Возьмем для примера одно из занятий - выпечку хлеба. Замешивание теста в квашне описывается как “зачатье”, а мутовка, которой его замешивали, имела явно фаллические ассоциации и форму.42 Набухание теста в квашне ассоциировалось с “беременностью”. Поэтому, напр., в Полесье старались не замешивать тесто в некоторые праздники (Крещенье, Чистый Четверг) - говорили, что квашня в эти дни идет к исповеди и должна оставаться “чистой”; если же она стоит с тестом, то ей тяжко, и даже будто бы слышали, как она стонет и кряхтит, как беременная43 (ср.: о беременной говорили: “тяжела”). Говорили еще, что есть дежа (с четным числом клепок) и дежун (с нечетным): в дежуне тесто, по поверьям, не поднимается.44 Сажая хлеб в печь, женщина подымала подол: “Подымайся выше!” - как будто изображая беременность.45 А печку просили: “Матушка печка, укрась своих детушек”.46 Пока хлеб подходил в печи, женщины соблюдали ряд запретов (ср.: запреты во время беременности): не садились на печь, не мели избы; нельзя, чтобы под печью лежал веник. Всё это сопоставимо с сексуальными табу, соблюдаемыми во время беременности, особенно если учесть, что, по пословице, “в подпечье и помело - большак”.47 Аналогия выпечки хлеба с беременностью и в пословице, которую я слышала от одной из обитательниц рабочего общежития в Москве: “Женщина без живот - что печка без огня” (Татьяна Х., 1956 г.р., род. В г. Ленинск-Кузнецкий. Москва, 1976 г.).
Выемка хлеба из печи ассоциировалась с родами, а форма и вид хлебов - с судьбой хозяйкиных детей. Если хлеб не удался, покосился, это воспринималось как знак несчастья. “В тот год о Николы, - говорит женщина-поморка, - у меня стряпня поломалась, и того года сын не вернулся с моря.”48
Подобным же образом воспринимались и другие повседневные женские занятия с их атрибутами и орудиями:
хранение и приготовление пищи и связанные с этим вещи: ступа (детям на вопрос, откуда они появились на свет, в шутку отвечают: “З неба упау, Да у ступу папау, А с ступы выляз - И вот якой вырас” - Гомельская обл.49 ); горшок (били горшки на свадьбе, желая молодым столько детей, сколько черепков, и, напротив, не желая беременеть, женщина прятала пустой горшок в чулан, где его бы никто не тронул50); квашня (в Заонежье избегали сметать в квашню муку со стола, боясь, что будет много детей51 ) и другая посуда (пример - поверье, что горшки, чугуны, бочонки с оставленной в них водой или пищей надо обязательно покрывать - хотя бы положенными крест-накрест лучинками - “от нечистой силы”; это явно воспроизводит запрет женщине появляться с непокрытой головою: “хоть ремох* какой наложи - надо чтобы волосы покрыты были,” - иначе, по поверью, привяжется леший или другая нечистая сила: АМАЭ, д.1624, л.18. Архангельская обл., Пинежский р-н, 1988 г.). Главным же воплощением женского начала в доме была, безусловно, печь - в поговорках “мать родная”, непостижимым образом связанная с судьбою и здоровьем рождающихся в доме детей: если хозяйка держит ее (в особенности шесток) неопрятно, то ее дети, по поверью, будут возгрявы (т.е. грязны и сопливы)52 , а если огонь гаснет в момент рождения ребенка, то он вырастет злодеем и разбойником53 .

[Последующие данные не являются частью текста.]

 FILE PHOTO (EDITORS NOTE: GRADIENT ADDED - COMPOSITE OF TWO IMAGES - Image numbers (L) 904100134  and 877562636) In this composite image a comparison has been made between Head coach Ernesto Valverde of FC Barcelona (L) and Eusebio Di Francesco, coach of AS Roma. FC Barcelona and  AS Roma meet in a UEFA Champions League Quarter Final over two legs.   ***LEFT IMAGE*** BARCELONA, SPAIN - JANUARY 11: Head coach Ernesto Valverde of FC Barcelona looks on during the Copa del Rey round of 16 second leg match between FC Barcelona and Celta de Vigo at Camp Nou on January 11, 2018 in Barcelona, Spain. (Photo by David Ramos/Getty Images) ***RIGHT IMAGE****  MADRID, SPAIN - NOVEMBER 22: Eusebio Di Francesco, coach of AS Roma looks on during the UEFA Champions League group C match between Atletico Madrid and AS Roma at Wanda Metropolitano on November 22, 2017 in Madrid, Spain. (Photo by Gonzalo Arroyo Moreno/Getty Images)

домашние рукоделия: ткачество, плетение и вязание, шитье и вышивка. В загадках репродуктивные ассоциации связаны с вдеванием нити в ушко иглы, протаскиванием челнока меж нитей основы и т.п. пронимальными операциями.54 Ср.: о зачатьи ребенка говорят: завязаться, о первенце: первая завязь; о рождающихся один за другим - плестись (пск., твер.).55 В ряду пронимальных вещей - прясло (деревянный либо шиферный круг с отверстием), надетое на веретено: наматывание нитей на веретено обыгрывалось в том же родильном ключе: “Девка Опрошка скакала-скакала, И брюшко наскакала (Веретено)”.56
стирка белья в корыте или ступе интерпретировалась в том же ключе. Примеры можно продолжать - они неисчерпаемы. Фактически все предметное окружение женщины было пронизано символикой порождения жизни - знаками материнства, маркируя дом как “рождающее, материнское” пространство: “Своя хатка - родная матка.”57
Вместе с репродуктивным здесь же просматривается и коммуникативный пласт значений: пронимиальная утварь прочитывается и как знак коммуникативных норм и табу, составляющих комплекс “материнства”. В том числе - табу на ссоры и брань. Например, в присутствии печи, как при матери, нельзя ругаться и ссориться, если кто-нибудь позволял себе нецензурное высказывание, его одергивали: “Печь в хате!”. Затапливали печь с молитвой, и свекровь одергивала невесток, затеявших в этот момент ссору: “Полно вам браниться, аль не видите, что огонь зажигают?” Нарушение этих табу, по поверьям, могло стать причиной пожара.58 Печь служила символом тех коммуникативных табу и норм, которые традиция связывала с “материнством” (т.е. воплощала не только репродуктивный, но и коммуникативный аспекты этой мифологемы). То же - и посуда, и другие пронимальные вещи, наполнявшие дом.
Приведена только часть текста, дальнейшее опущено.